Sometime the above statement goes unchallenged, other years they have cleared folks out in the middl of the night. The parking sucks, and there is not much available for local camping.

Plan to sleep farther away, and then drive in early to get parking spots.

They have the weirdest parking rules. you are not allowed to park on the roads, until all the structures are full, then they overflow on to the roads, but you cant park on the roads prior to the structures all being filled, which just seems dumb. I don't think they let you park up high and float in to town, which would be most convenient. There may be spots where this isn't the case. The free shuttle busses are pretty convenient. You can get around without wheels or stash a car down valley if you're creative.


----------



## Ezcruzr (Feb 27, 2008)

Thanks much for the info. I managed to get a camp site at Gore Creek camp ground. Sounds like getting a good parking spot in Vail even for the day should be interesting.


----------



## Dejan Smaic (Jul 22, 2017)

Take your mountain bike or dual sport moto (if you have one) and use it for village access and parking.


----------



## ENDOMADNESS (Jun 21, 2005)

i've lived here for 22 years. Parking is a pain, but not in the summer....and not really anymore in the winter (thanks Summit and Epic Pass !)

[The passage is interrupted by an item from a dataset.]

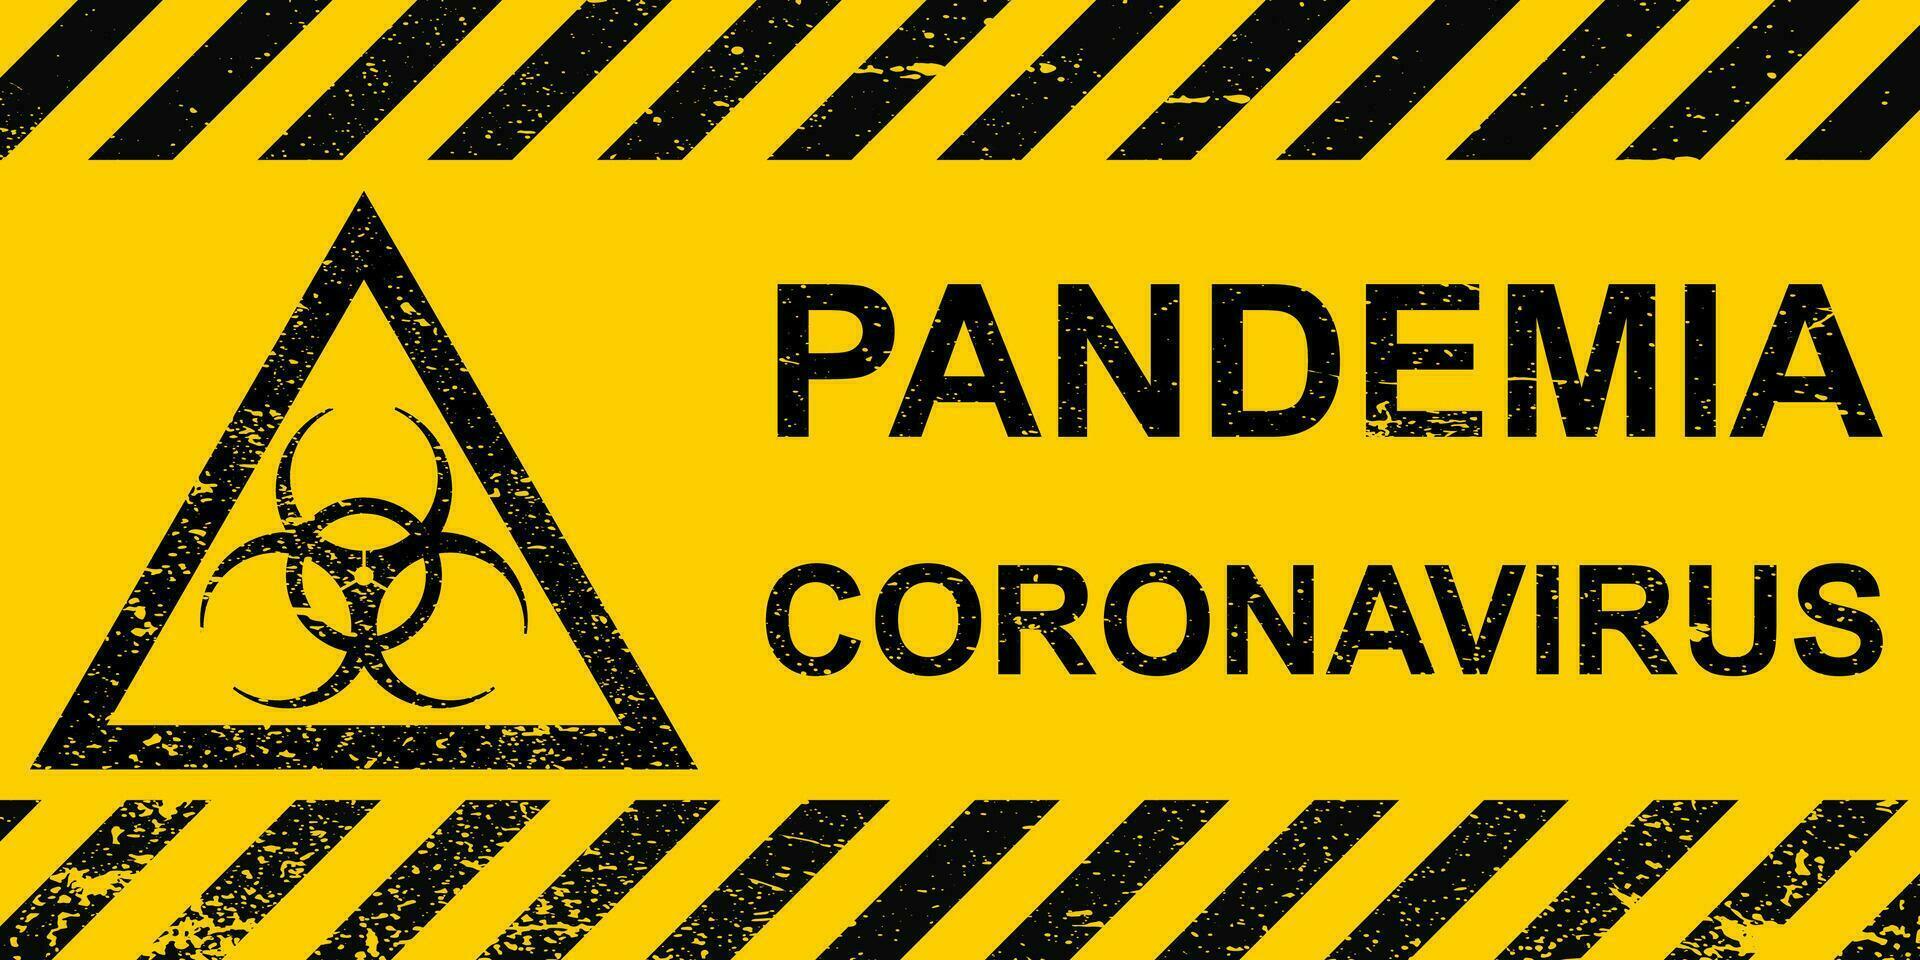 Banner pandemic coronavirus sign hazard yellow pandemic coronavirus striped banner vector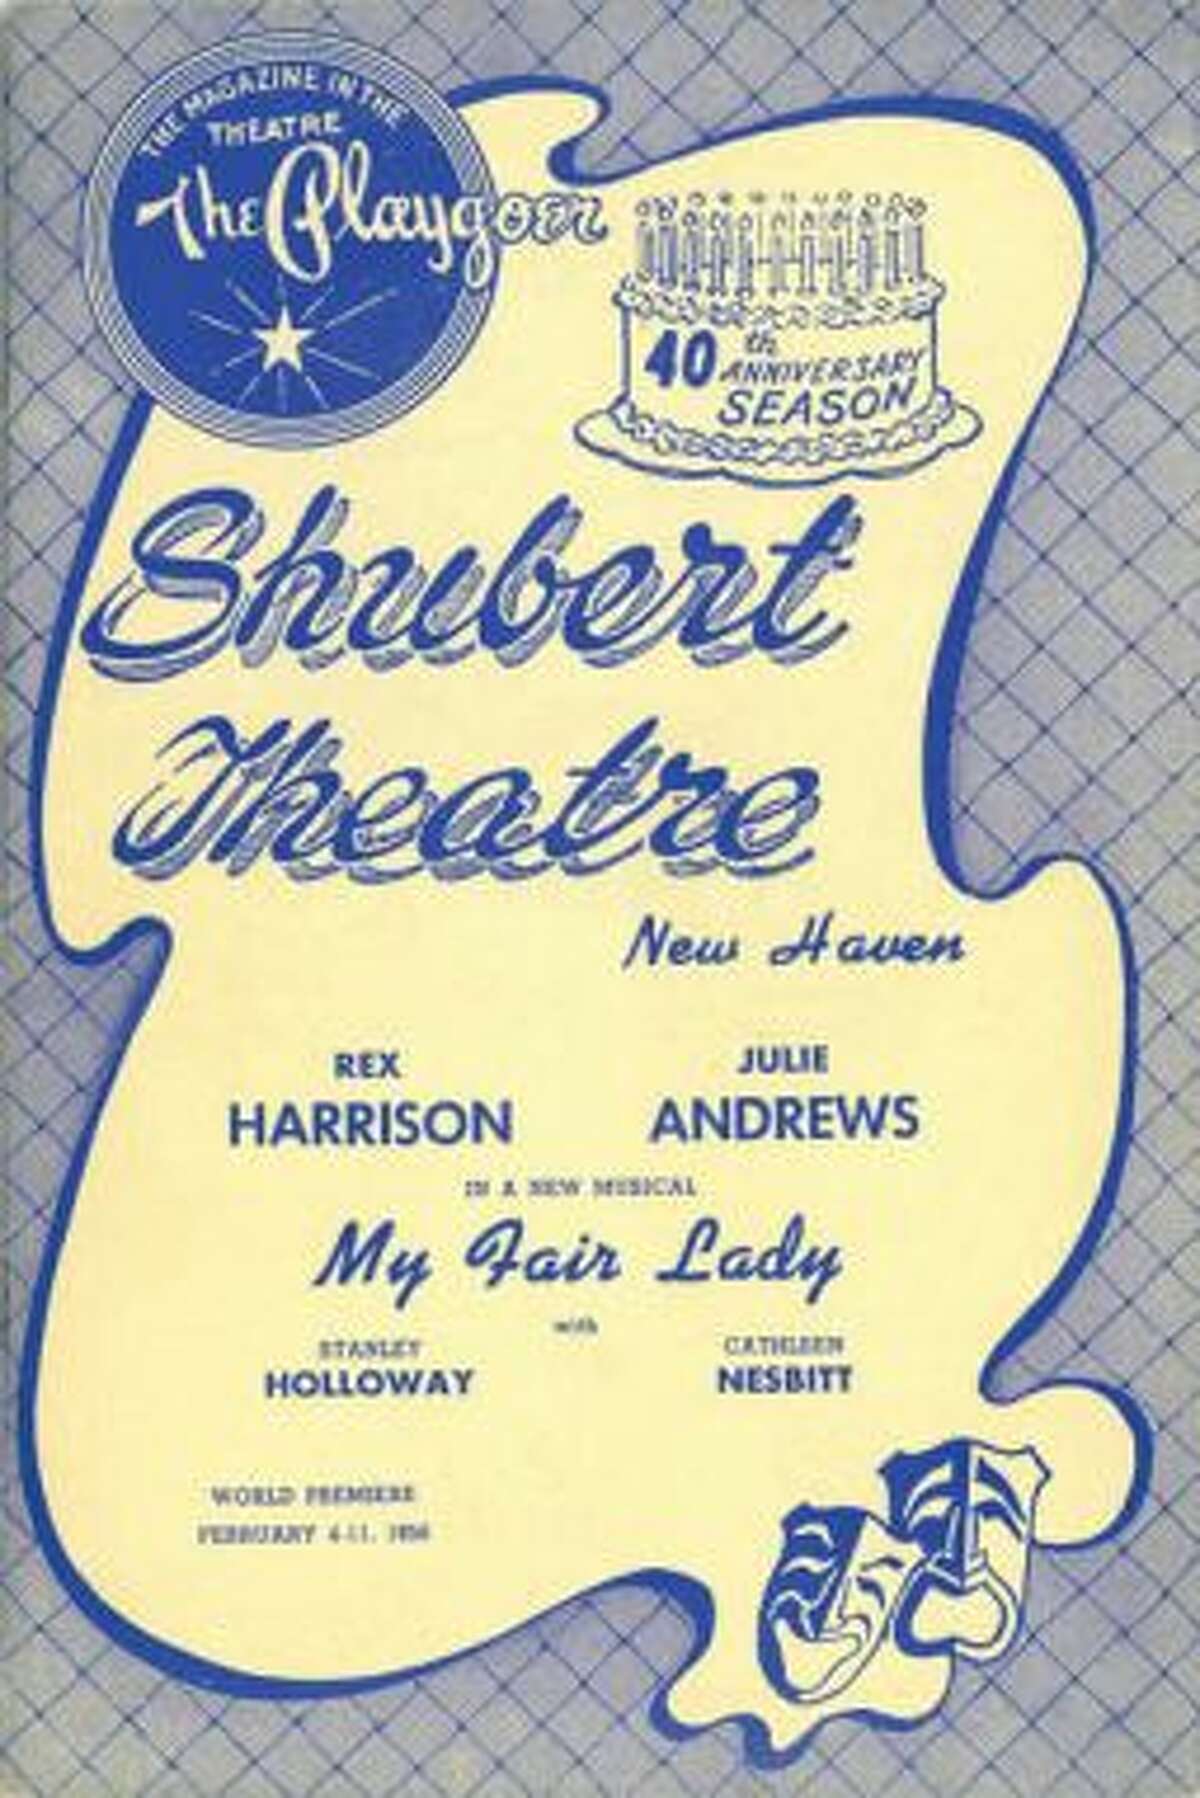 The "My Fair Lady" playbill, 1956

I goto the games every year. Either you park in the garage for free (now charging at nite for summer) or you park on the road right next to the garage (overflow). never more than a 5 minute walk to vail core.


----------



## lmyers (Jun 10, 2008)

ENDOMADNESS said:


> i've lived here for 22 years. Parking is a pain, but not in the summer....and not really anymore in the winter (thanks Summit and Epic Pass !)
> 
> I goto the games every year. Either you park in the garage for free (now charging at nite for summer) or you park on the road right next to the garage (overflow). never more than a 5 minute walk to vail core.


Last time I tried to paddle the park in the summer we got ran off by cops from 2 locations when trying to park along the road. He told us we had to carry our boats from Lion's Head and that parking laws had changed. I told him we were there to spend money and eat and maybe even shop too, and he didn't change his tone. I left and paddled somewhere else.


----------



## Ezcruzr (Feb 27, 2008)

So now that I've got this first part mostly figured out, I've come up with a couple more questions. Do you need an invasive species permit for Colorado rivers? Also, do they let you run the course in between races?


----------



## lmyers (Jun 10, 2008)

No to the invasive species sticker.... not sure about river access between events.


----------



## ENDOMADNESS (Jun 21, 2005)

Yes on access. The course is Gore Creek, ends a the playhole, but you can take out many places above teh play hole if an event is going on in the hole, nice landing / eddy 200ft above the hole.

Homestake Creek- you would have to wait till they are done that day


----------